Поэт задумался, вздохнул и продолжил:   
- В итоге только небесный порядок речи как речи стихотворной и «исправляющей имена» – основа лада и спокойствия мира, поскольку вечное имя – исток и мира как сказуемого, и человека как подлежащего. И только ему благодатно дано из своей стихотворной запредельности согласовывать эти два края, без него всё время состоящих в споре. А спор причиняется тем, что человек, отклоняя имя, предваряет порядок своим местоимением.  Вспомним слова из священного «Дао де цзин»: «Человек следует законам земли. Земля следует законам неба. Небо следует законам Дао, а Дао следует самому себе». И еще: «Дао рождает одно, одно рождает два, два рождает три, а три рождает тьму вещей». Я толкую это так: начальное небесное Имя содержит только себя, и потому может быть Одно, для чего оно всецело и ни в чём не нуждается. Но по великой благодати Имя как одно «рождает два» – земной глагол и человеческое местоимение. А потом «два рождает три», когда они втроём составляют троицу частей Речи. И уже Речь порождает, как сказано, «тьму вещей».
Данъянь замолк. Сюань-цзун ждал, ждал, когда он возобновит речь, но, так и не дождавшись, заговорил:
- Послушай, у меня к тебе просьба.
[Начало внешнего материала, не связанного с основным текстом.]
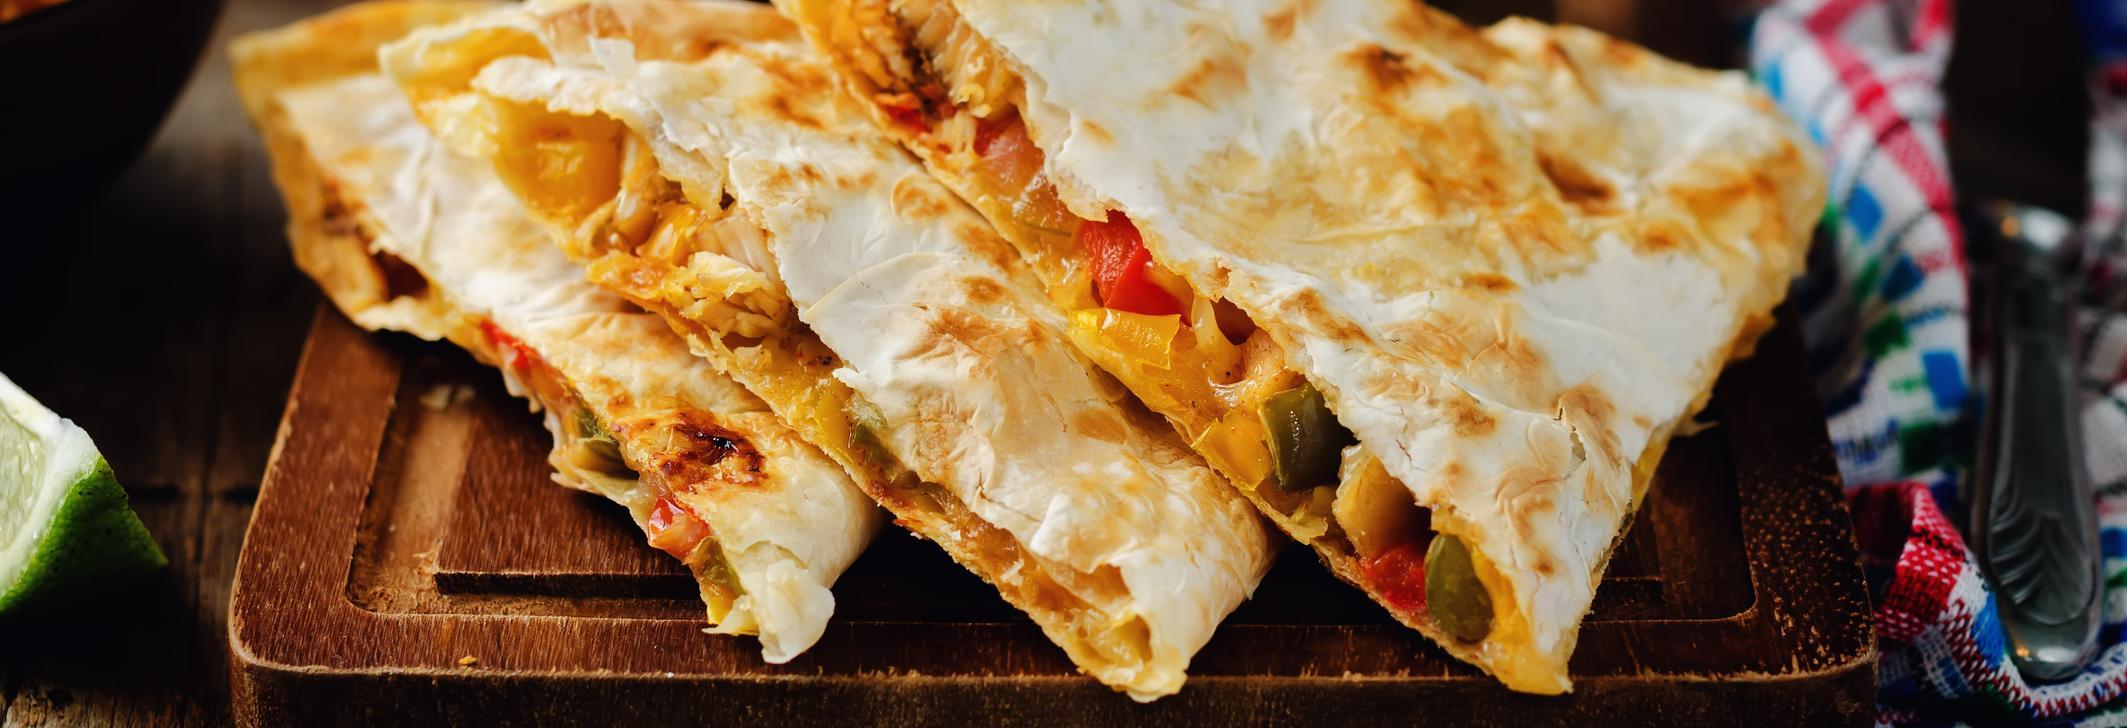 el caporal mexican restaurant liberty township mason ohio mexican food

Тут скоро состоятся словопрения, и я даже не буду рассказывать, о чём они – сам всё поймешь из говоримого. Но будет хорошо, если ты, слушая стороны словопрения, ты еще добавишь к нему что-нибудь в том духе, в каком ты говорил сейчас со мной. Я уверен, что то, что ты скажешь, будет именно то, чему надлежит быть сказанным…
- Ну, ты хоть намекни, о чём примерно будут словопрения..
- Ну, хорошо. О природе власти Сына Неба.
- Охо! Ну, ладно, я принимаю твоё приглашение – я приду.
-Спасибо! Уверяю тебя – в долгу не останусь.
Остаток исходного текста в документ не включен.